The system is designed specifically for power-dense computing applications where cooling is critical. An iDataPlex rack has the same footprint as a standard rack, but has much higher cooling efficiency because of its reduced fan air depth. An optional liquid cooled wall on the back of the system eliminates the need for special air conditioning. 10GE switches from BLADE Network Technologies match the iDataPlex specialized airflow, which in turn matches data centers’ hot and cold aisles and creates an integrated solution that can support very large clusters.

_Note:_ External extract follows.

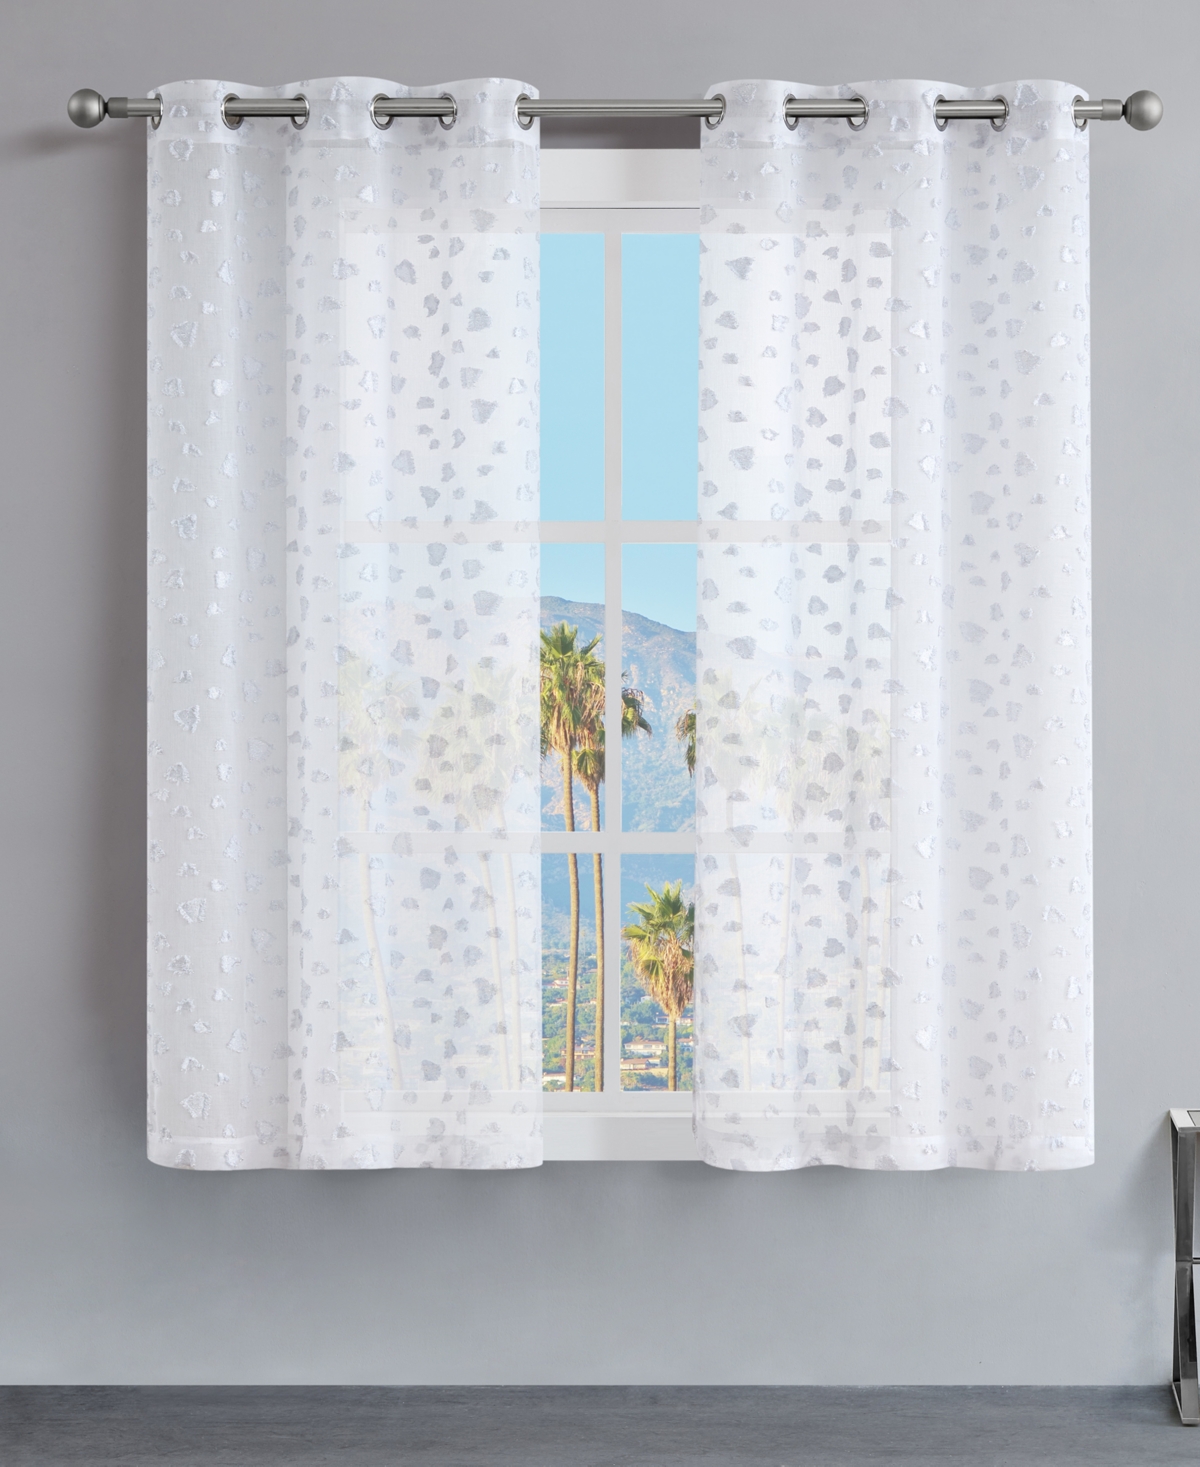 Ethel Leopard Embellished Sheer Grommet Window Curtain Panel Set, 38" x 63" - Black

Blade servers and scale-out solutions like iDataPlex are just two of the emerging trends in data center switching that can make cluster architectures more efficient.
A Clear Path
The last hurdles to 10GE for HPC have been cleared:
NIC technology is stable and prices are continuing to drop while latency and throughput continue to improve, thanks to improved silicon and LAN-on-Motherboard (LOM) technology.
10GE switches are now cost-effective at under $500 per port.
The combination of SFP+ Direct Attach cabling, SFP+ optics, and 10GBASE-CX4 provides a practical and cost-effective wiring solution.
New platforms are being introduced with power efficiency and cooling advances that can meet demanding HPC requirements, even for large clusters.
New benchmarks are proving that 10GE can provide real business benefits in faster job execution, while maintaining the ease-of-use of Ethernet.
Blade server technology can support 10GE while meeting the demanding physical requirements of large clusters.
With Gigabit Ethernet the de-facto standard for all but the largest cluster applications and the last hurdles to 10GE for HPC cleared, it’s time to re-create the image of the HPC network: standards-based components, widely-available expertise, compatibility, high reliability, and cost-effective technology.